When American steel was king

Did Trump start a trade war America will lose?
Did Trump start a trade war America will lose?

When World War II ended, no industry was stronger or more important than American steel.

But over the last 60 years, the industry has suffered a steady decline, becoming less competitive and far less central to the US economy.

Immediately after the war, the global demand for steel was more voracious than ever. Mills owned by foreign competitors had been devastated by the bombings. Cities in Europe and Asia needed to rebuild, and American cities were growing rapidly as well. Demand for new cars was great, and the Interstate Highway was under construction.

America's steel mills were producing steel at a furious pace, making more than half the world's steel in the late 1940s, and about 40% of the world's steel throughout the 1950s.

In the 10 years starting in 1948, American steel mills averaged nearly 700,000 workers. Today only 83,000 people still work in the nation's steel mills.

Manufacturing changes

Part of that decline is due to much more efficient processes. The basic oxygen furnaces and continuous casters now in use can make steel using a fraction of the work, energy and manpower required by open hearth furnaces the industry used during its heyday.

Additionally, much of the steel produced today comes from recycled scrap, as opposed to using the more expensive and complex process of turning iron ore into steel. In fact, the biggest steelmaker in the United States, Nucor (NUE), uses recycled scrap. It started with a single minimill in 1969.

"Nucor did more to kill traditional American steel production than the Chinese ever did," said Stephen Mihm, a University of Georgia history professor who specializes in the history of business.

steel history alabama
Two steelworkers at Alabama's Birmingham Steel Company in 1942.

But Nucor wasn't the only problem. Foreign competitors in Europe and Japan were much faster to adopt more efficient technologies after World War II, giving them an edge. Making matters worse, Mihm said, the United States was reluctant to change its ways, giving the mills overseas an even bigger advantage.

"Neither labor nor management were thrilled about the idea of spending the capital to switch to basic oxygen furnaces," He said. "But labor wasn't the one making the capital investment decisions. It's ultimately management that dropped the ball."

Rise of foreign steelmakers

But others say that US efforts to help Europe and Japan rebuild after the war gave foreign competitors a big advantage by helping to lower the cost of capital those steelmakers needed to rebuild.

"We basically gifted steel industries to Germany and Japan," said Scott Paul, president of the Alliance for American Manufacturing, a public interest group supported by both the Steelworkers union and leading manufacturers. "Blaming the American steel industry, I'm not so sure that's fair."

Then came the industrialization of China, which led to a boom in the steel industry there unlike anything since the industrial revolution.

China's steel production went from a third of the output of American mills in 1981 to match US production only 12 years later. It's posted an 800% increase in production since then.
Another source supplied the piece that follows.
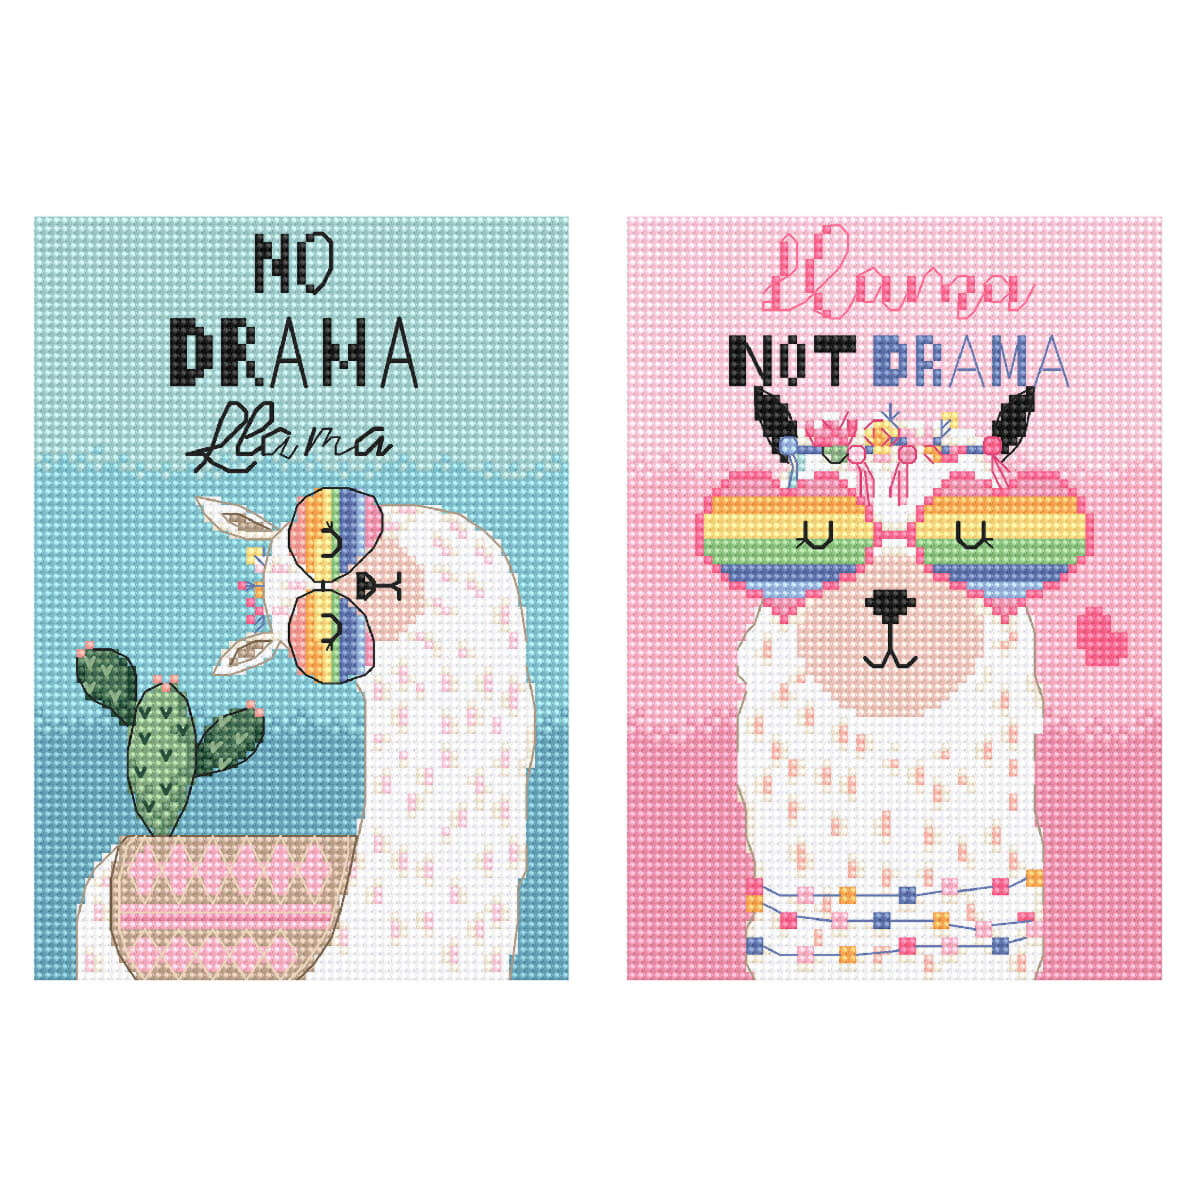 Two whimsical and colorful cross stitch designs with...
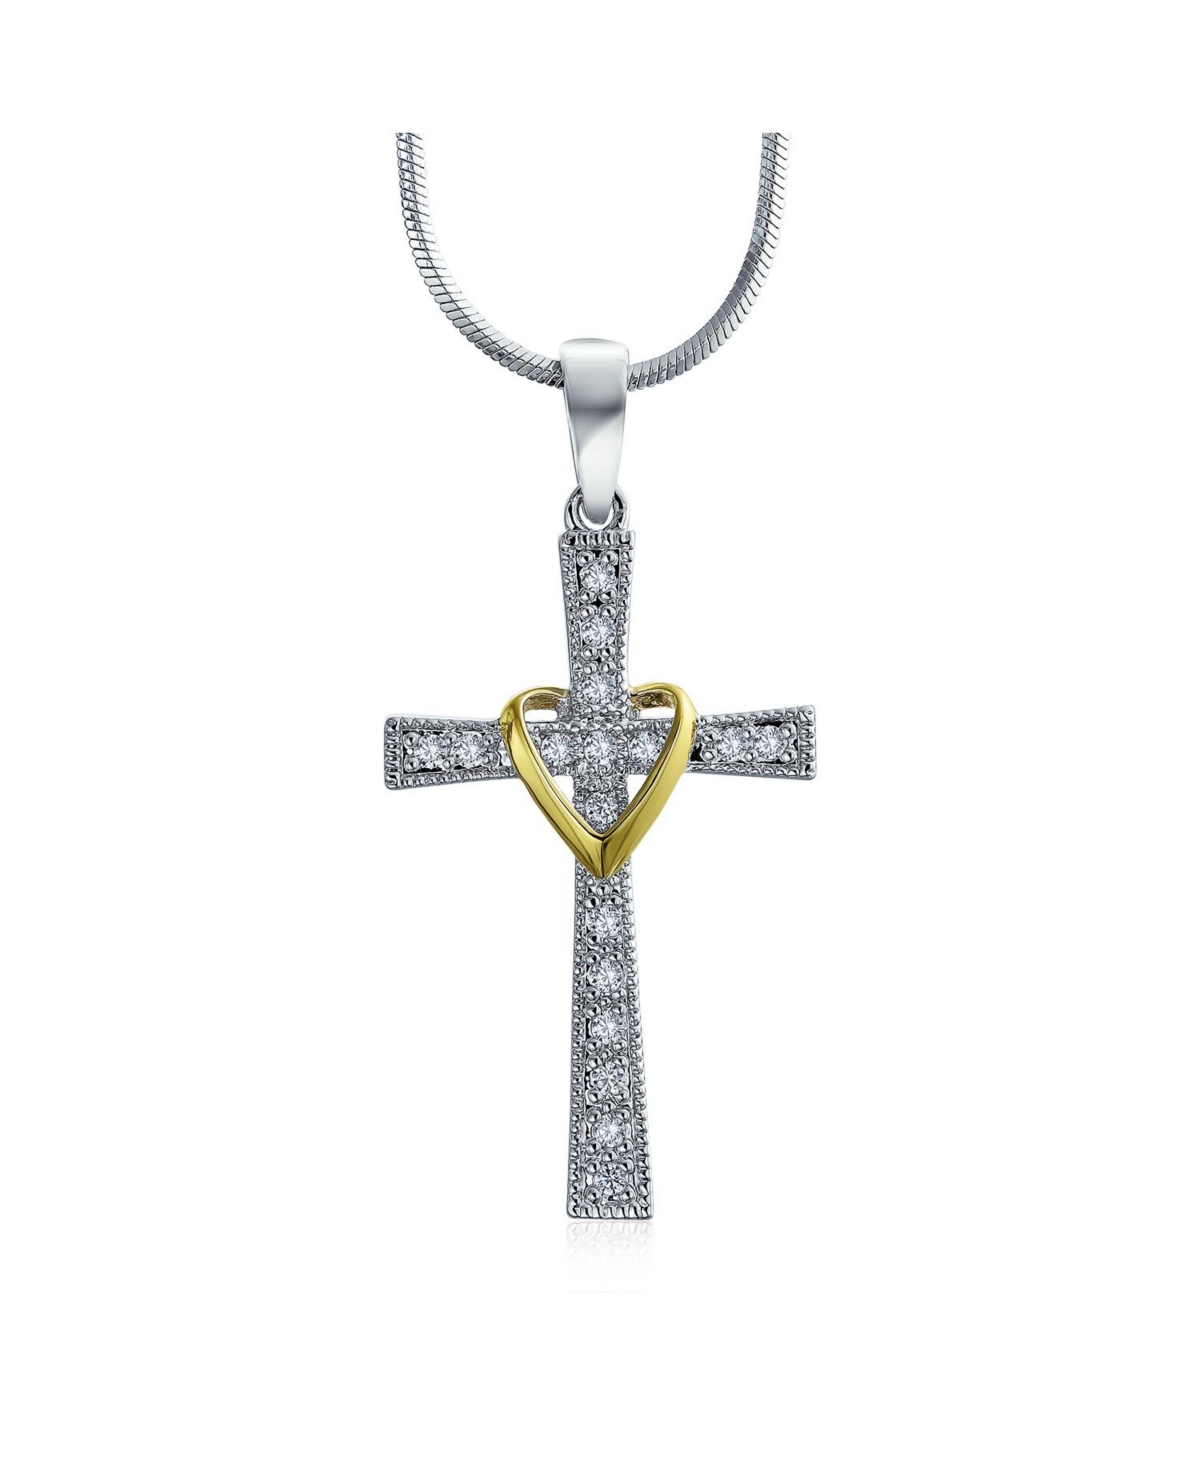 Cz Pave Accent Religious Love Of God Modern Fashion Heart & Infinity Cross Pendant Necklace For Women Teens Two Tone Rhodium Plated Brass - Silver

Today China's steel industry produces roughly half the steel in the world, according to World Steel, a global industry trade group. American mills produce less than one tenth the volume of China.

And while much of that production is used by Chinese auto plants and construction, there is no question that there are massive amounts of Chinese steel exports driving down prices around the globe.

"China has a lot of zombie steel mills turning out steel that no one needs," said Paul. "It's unbelievable how market distorting it is. In a labor intensive industry like steel, that means closing mills and layoffs."

A different economy

At the same time that foreign steelmakers became more competitive, the US economy shifted away from manufacturing goods, and became centered around providing services.

The growth of industries like banking, media and much of the tech sector, helped push steel aside.

To mark the end of an era, U.S. Steel (X) was dropped from the Dow Jones industrial index, a list of the nation's most powerful companies, after 90 years in 1991. Disney (DIS) joined the index at the time, as did JPMorgan, which is ironically a Wall Street firm named for the founder of U.S. Steel.

Bethlehem Steel, was the last steel company to fall out of the Dow in 1997, when Walmart (WMT), Hewlett-Packard (HPQ) and Travelers (TRV) insurance were added in.